> **Exercise instructions**:
Reproduce the lines of the material exactly, excluding every image.

> **Data excerpt**:
= Beginning of Section =

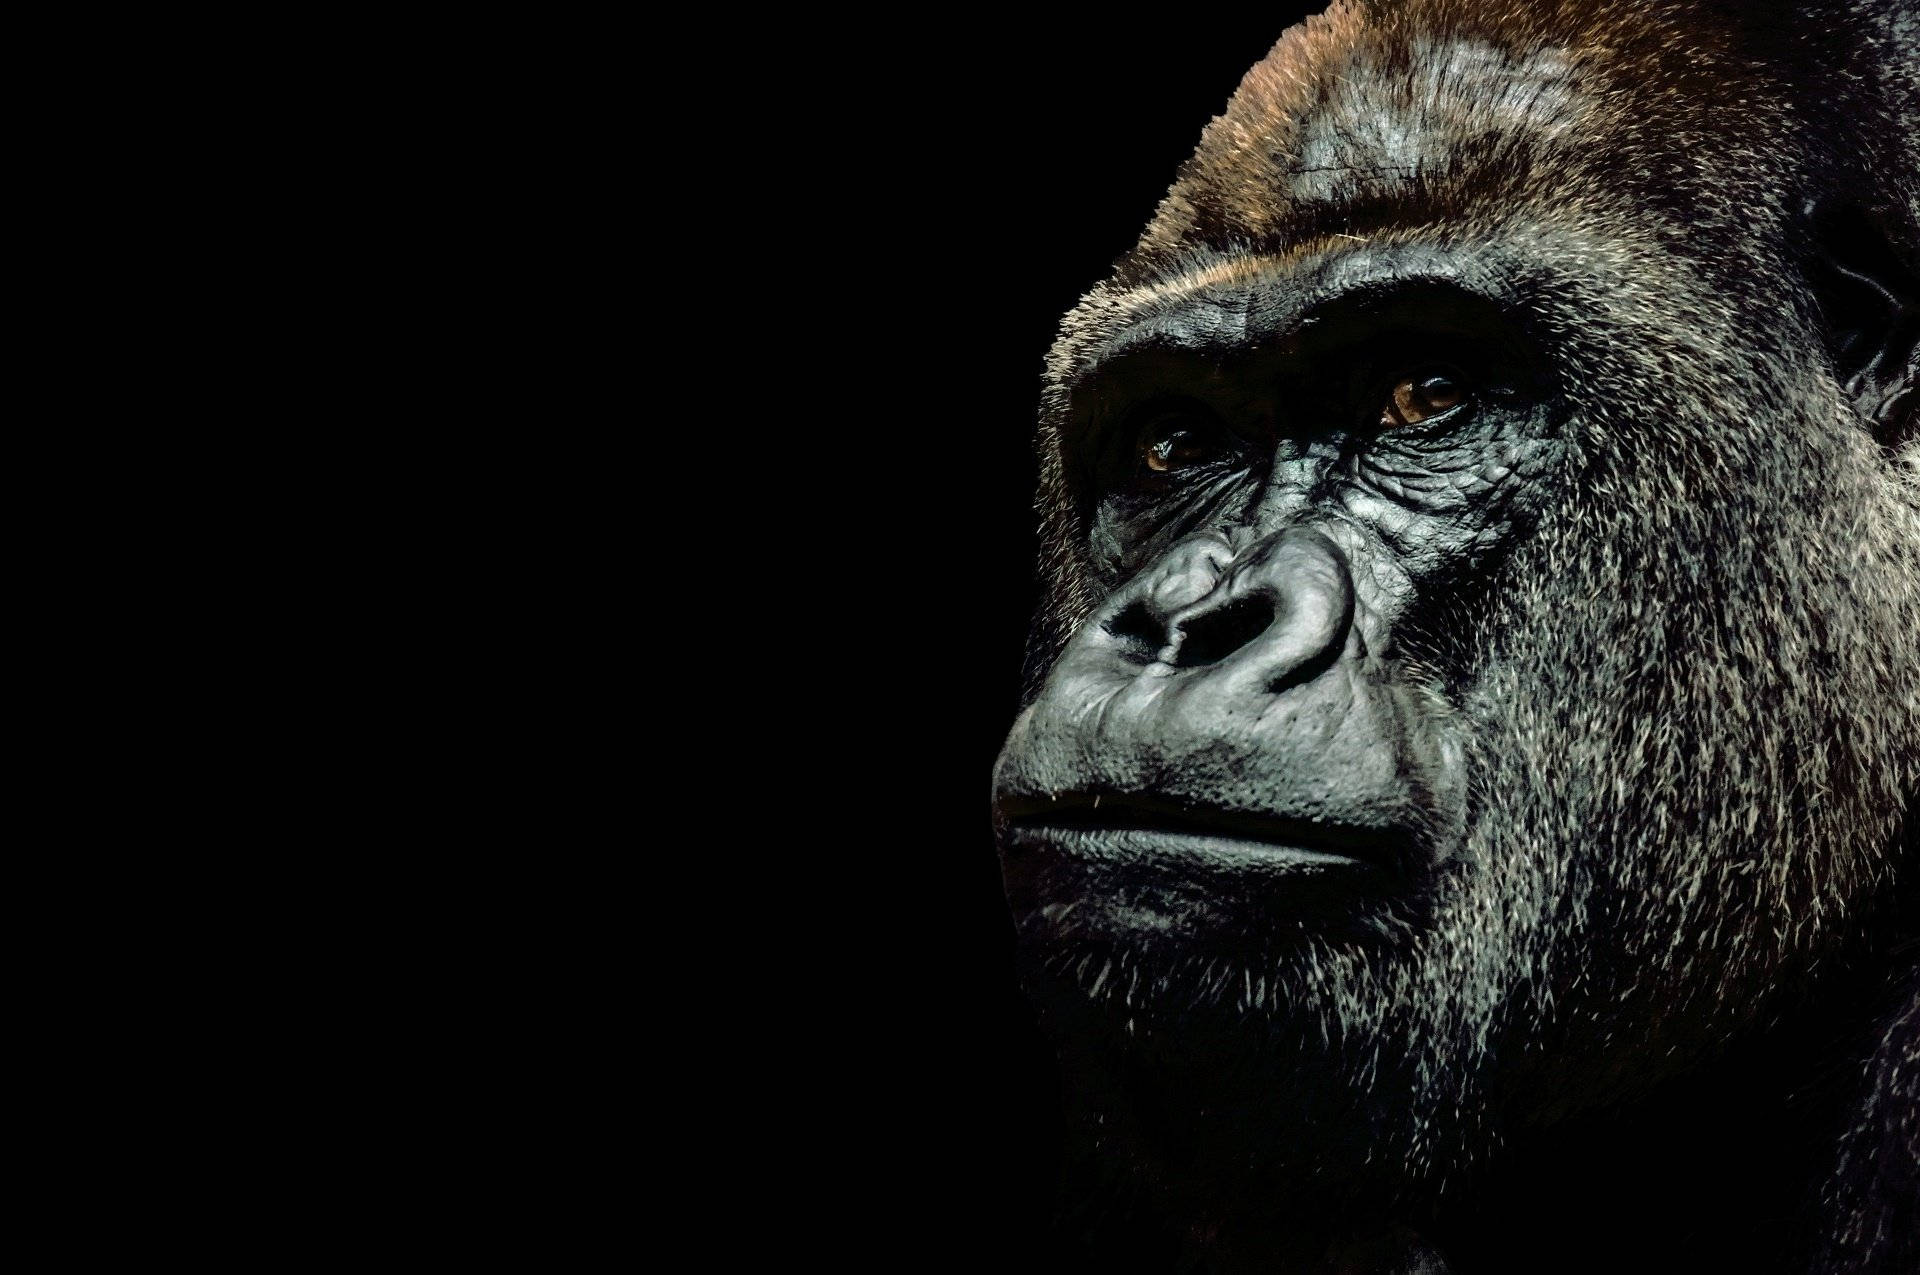 Fondode Pantalla De Escritorio: Un Gorila Sentado En La Naturaleza. Fondo de pantalla
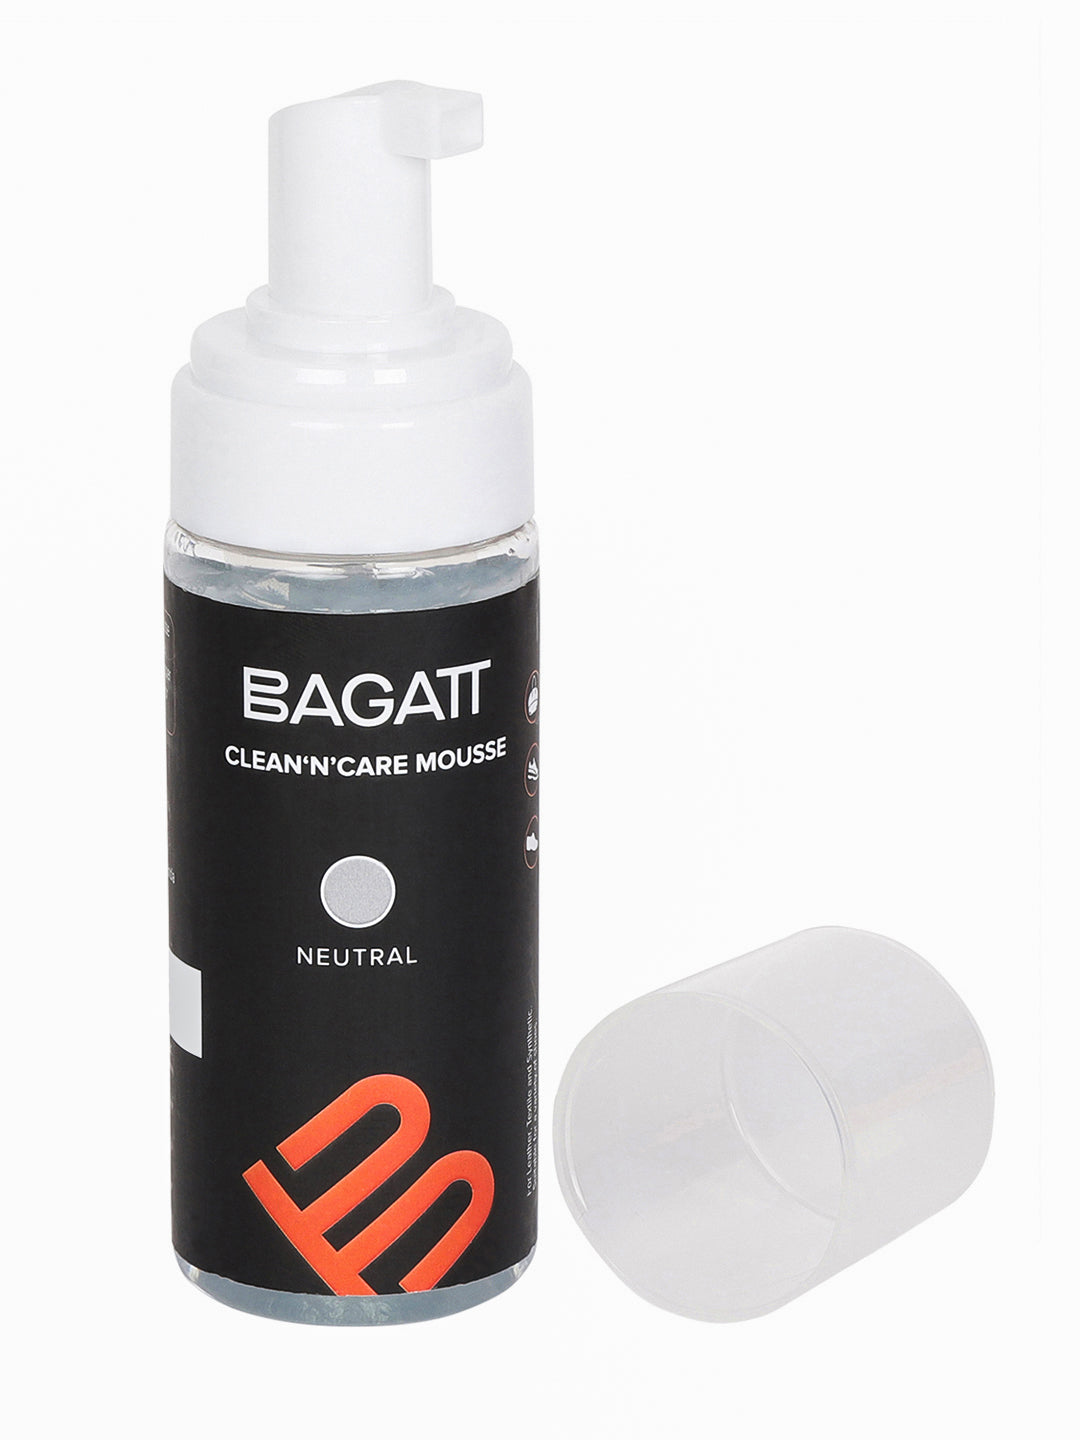 BAGATT Neutral Clean'N'Clear Mousse
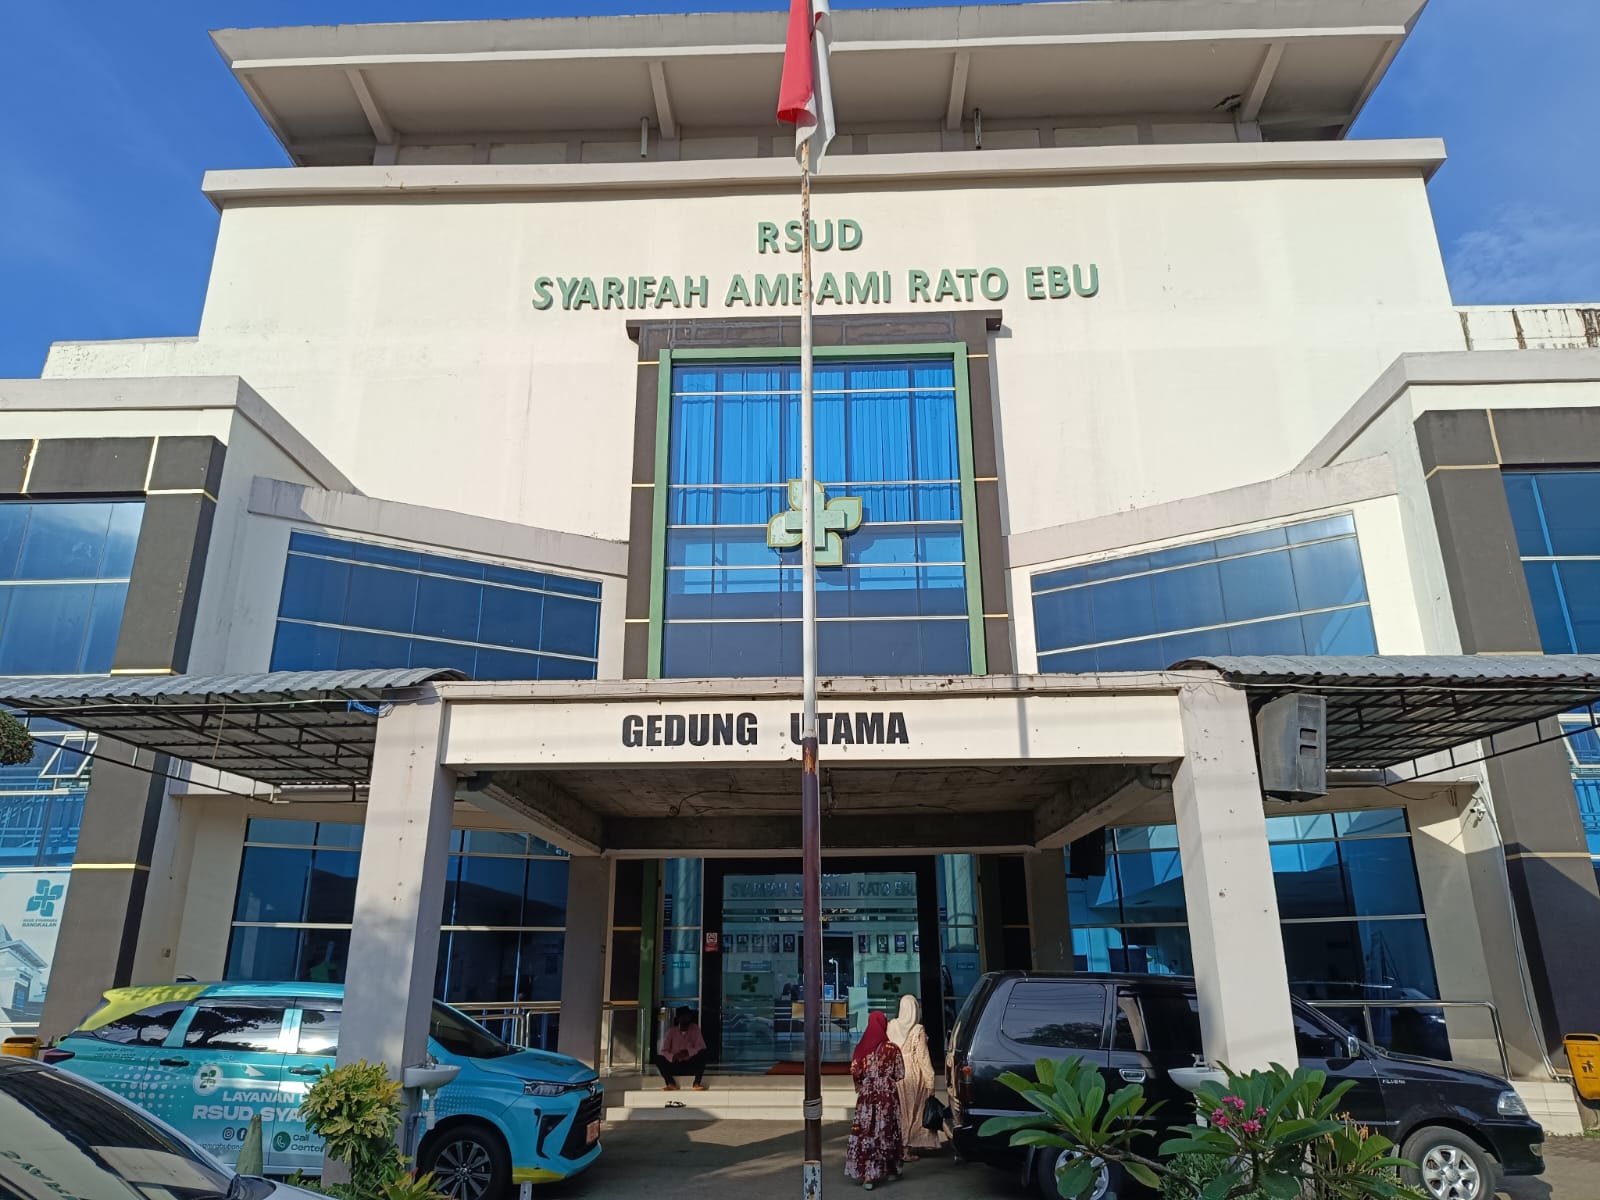 Rumah Sakit Umum Daerah Syarifah Ambami Rato Ebu Syamrabu (RSUD Syamrabu) Bangkalan, Madura, pada Jumat (29/12/2023). Foto: Risky suarasurabaya.net
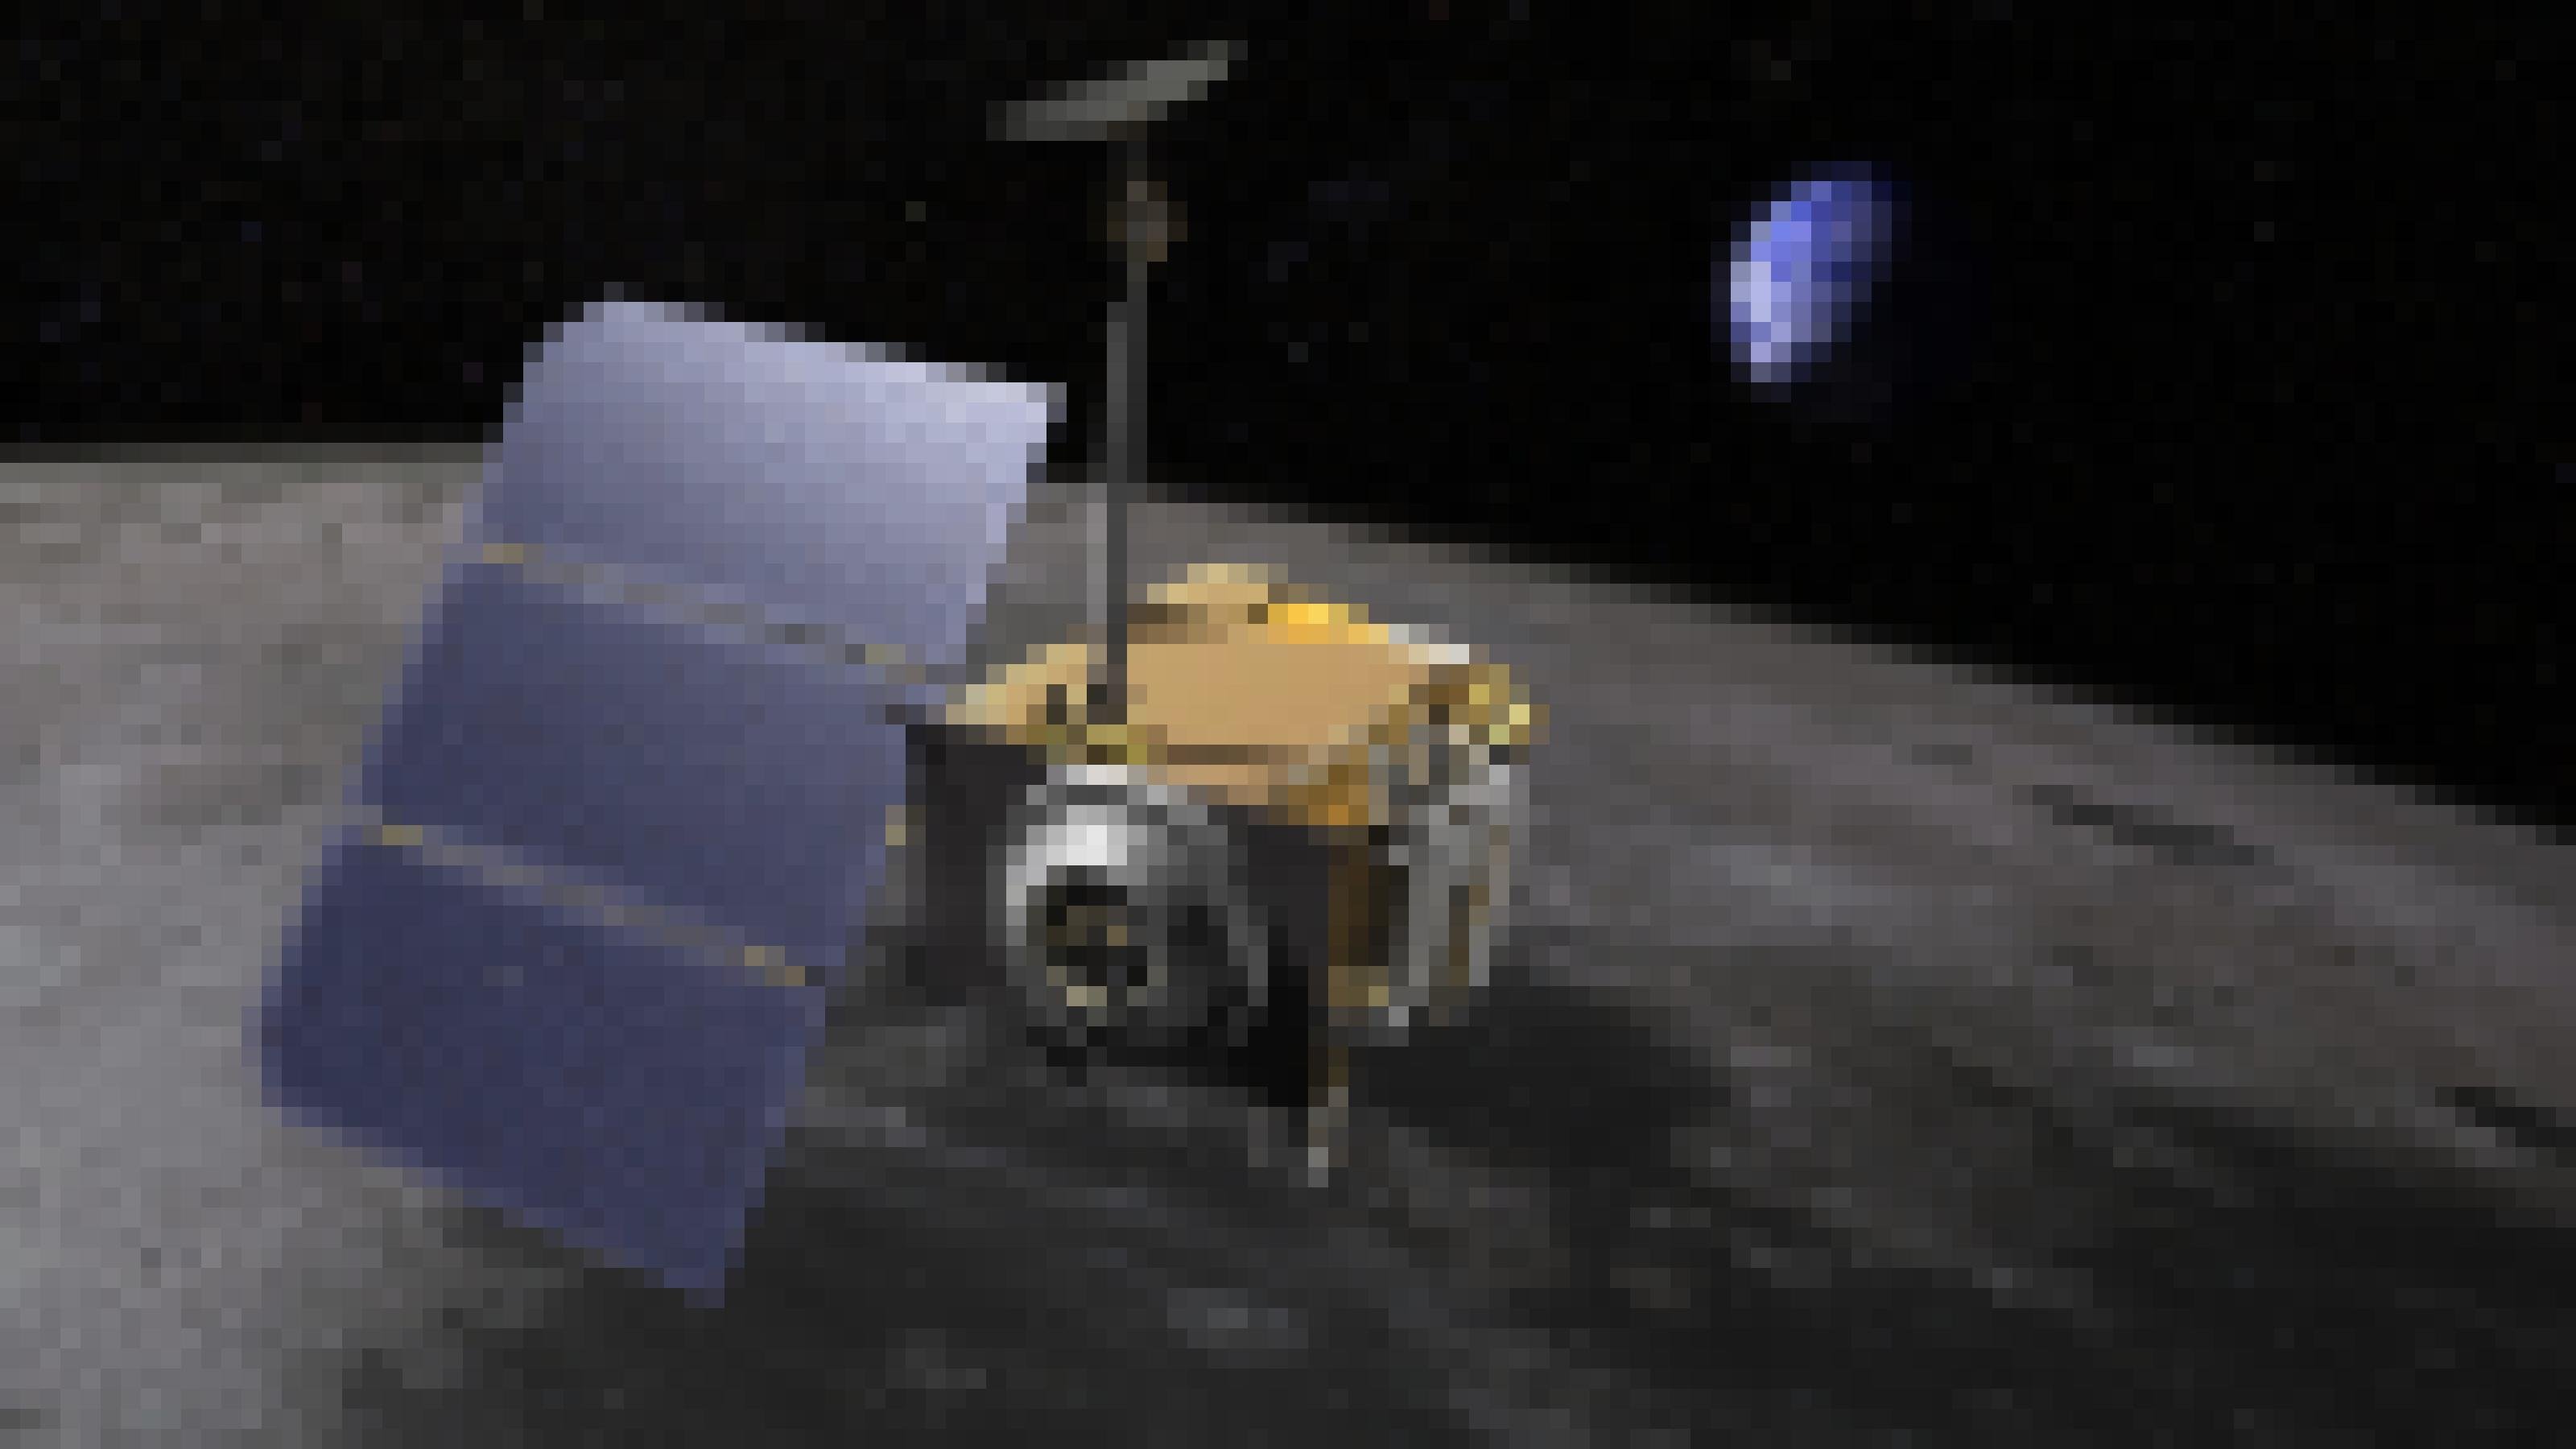 Eine künstlerische Darstelllung der Mondraumsonde Lunar Reconnaissance Orbiter (LRO), die sich im linken bis mittleren Bildvordergrund befindet. Die Raumsonde überfliegt den Mond und im Hintergrund kann man die Erde erkennen.

= End of Section =

> **Task result**:
 Fondode Pantalla De Escritorio: Un Gorila Sentado En La Naturaleza. Fondo de pantalla
 BAGATT Neutral Clean'N'Clear Mousse
 Rumah Sakit Umum Daerah Syarifah Ambami Rato Ebu Syamrabu (RSUD Syamrabu) Bangkalan, Madura, pada Jumat (29/12/2023). Foto: Risky suarasurabaya.net
 Eine künstlerische Darstelllung der Mondraumsonde Lunar Reconnaissance Orbiter (LRO), die sich im linken bis mittleren Bildvordergrund befindet. Die Raumsonde überfliegt den Mond und im Hintergrund kann man die Erde erkennen.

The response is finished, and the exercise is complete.